In fulfilling its role, the Remuneration Committee is specifically concerned with ensuring that its approach will:
Motivate the CEO, Executive Management and the broader Executive team to pursue the long-term growth and success of Qantas
Demonstrate a clear relationship between pay and performance
Ensure an appropriate balance between ‘fixed’ and ‘variable’ remuneration, reflecting both the short-term and long-term
performance objectives of Qantas
Differentiate between higher and lower performers through the use of a performance management framework
During 2015/2016, the Remuneration Committee re-appointed Ernst & Young (EY) as its remuneration consultant. The Remuneration
Committee has established protocols in relation to the appointment and use of remuneration consultants to support compliance
with the Corporations Act 2001, which are incorporated into the terms of engagement with EY.
The Remuneration Committee did not request any remuneration consultants to provide a remuneration recommendation during
2015/2016.
3) EXECUTIVE REMUNERATION FRAMEWORK
The Executive Remuneration Framework as it applies to the CEO and Executive Management contains three elements:
Base Pay – a guaranteed salary level inclusive of superannuation
Annual Incentive – referred to as the Short Term Incentive Plan (STIP)
Long Term Incentive – referred to as the Long Term Incentive Plan (LTIP)
4) REVIEW OF REMUNERATION FRAMEWORK
During 2015/2016, the Remuneration Committee reviewed the Remuneration Framework to ensure it continued to be aligned with
Qantas’ business strategy. The review focused on LTIP, in particular:
LTIP Performance Measures: the Remuneration Committee considered a number of alternate LTIP performance measures, such
as Return on Invested Capital (ROIC). The Committee concluded that the current LTIP performance measures, of relative TSR
of Qantas compared to companies in the ASX100 and Global Listed Airlines, remain the most appropriate measures as they are
explicitly aligned to the objectives of Qantas’ Financial Framework.

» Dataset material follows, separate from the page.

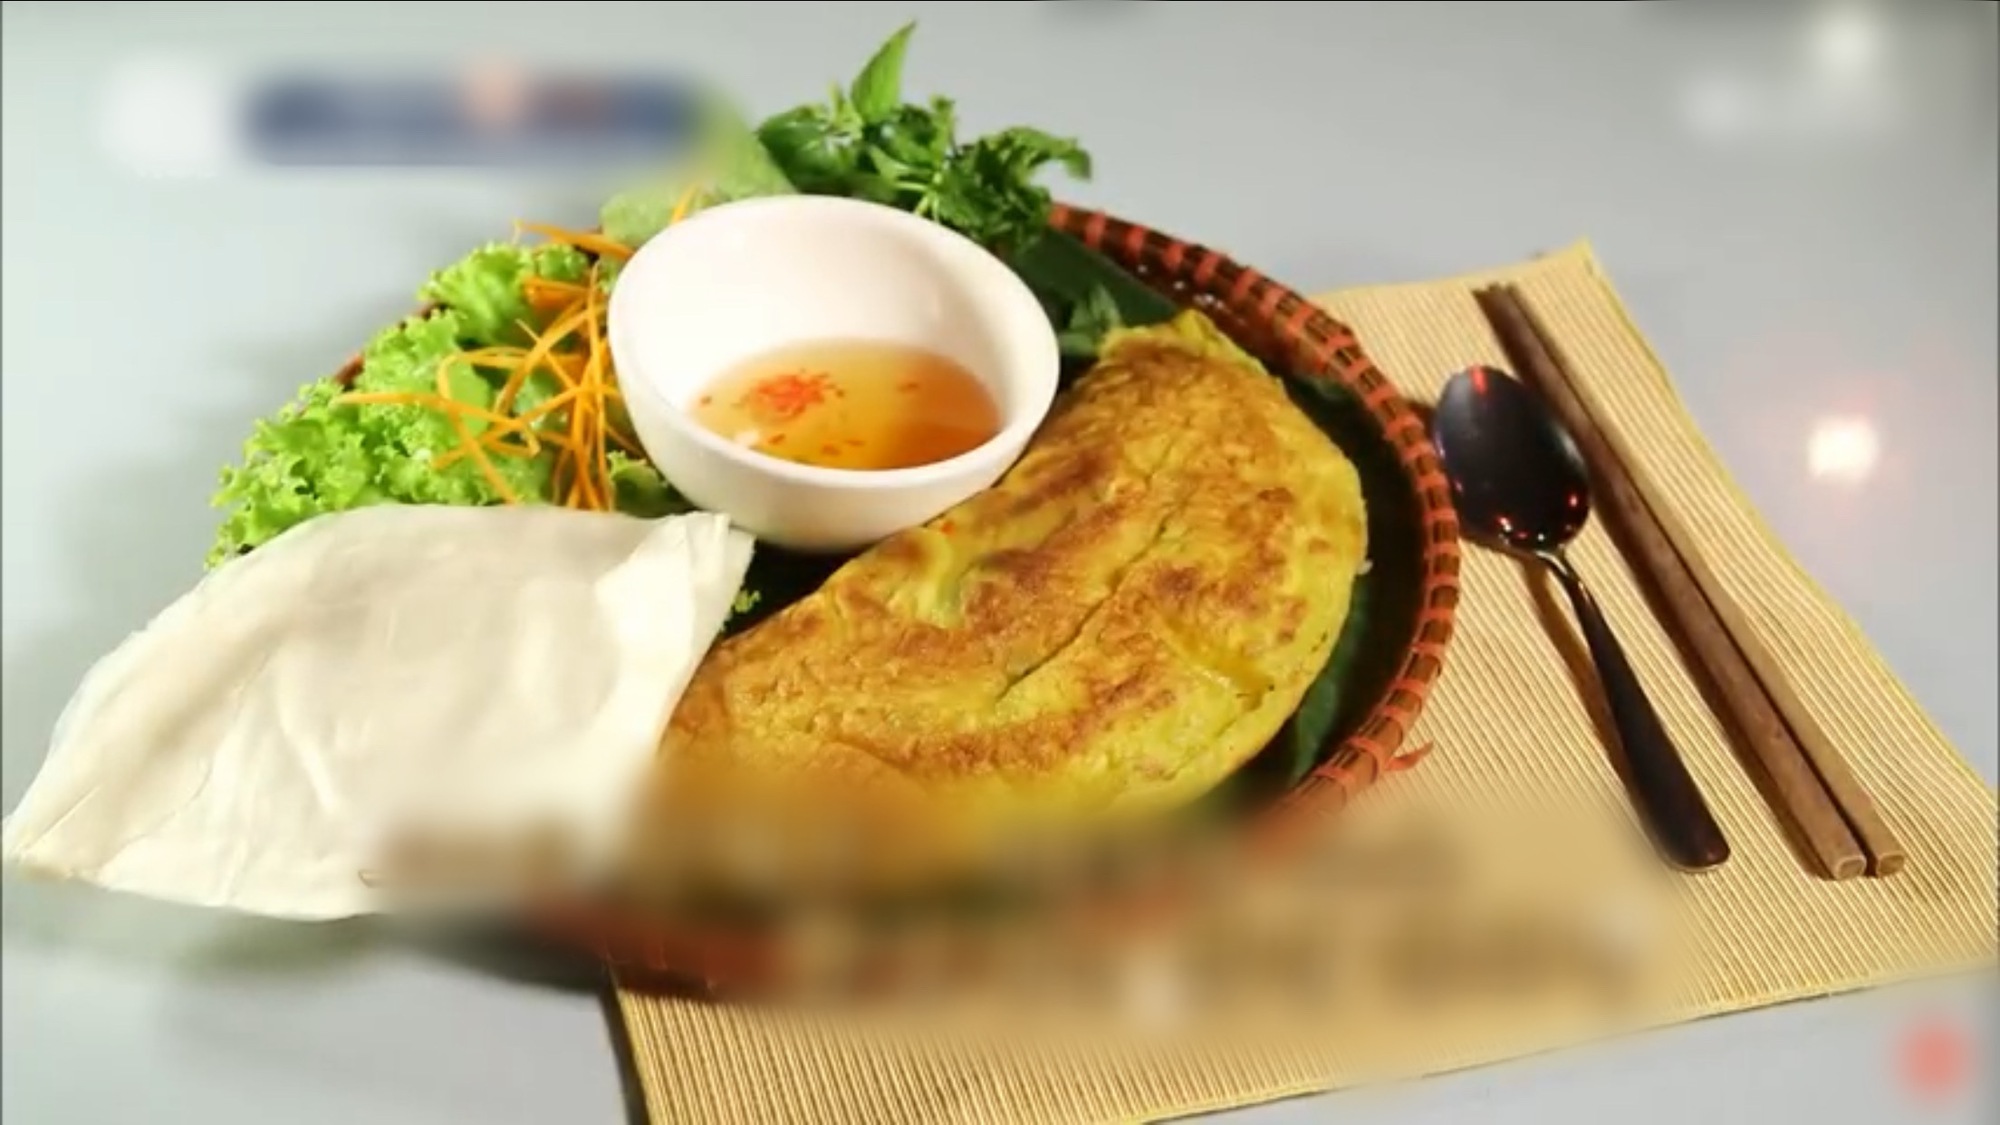 Bánh xèo Việt Nam khiến dàn sao Hàn thích mê vì quá ngon - Ảnh 4.
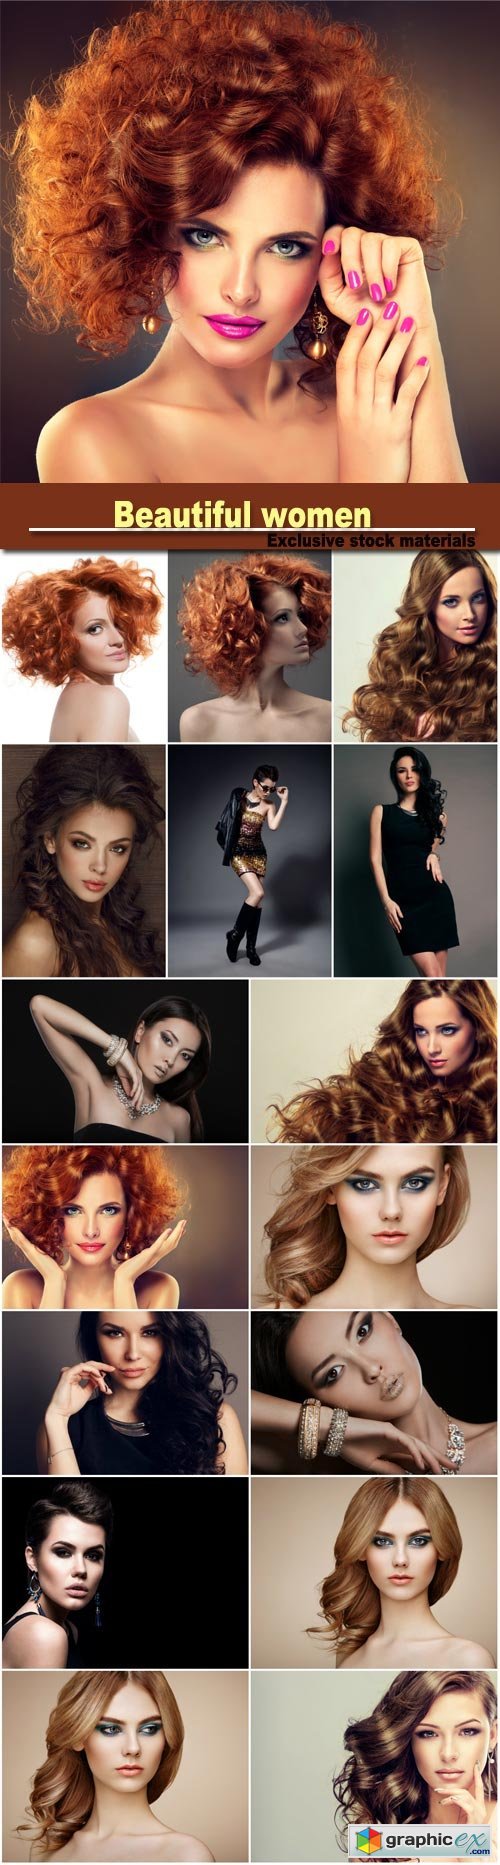 Beautiful women, hairstyles, stylish makeup

LTIP Allocation Methodology (fair value versus face value): the Remuneration Committee reviewed the allocation methodology
used to determine the number of Rights granted under the LTIP. The Committee determined that any change in allocation
methodology from a ‘fair value’ to a ‘face value’ would not result in a change to the number of Rights awarded to Executives.
Therefore, the Committee decided to retain the current ‘fair value’ allocation methodology, but to disclose equivalent ‘face value’
information to improve transparency to shareholders.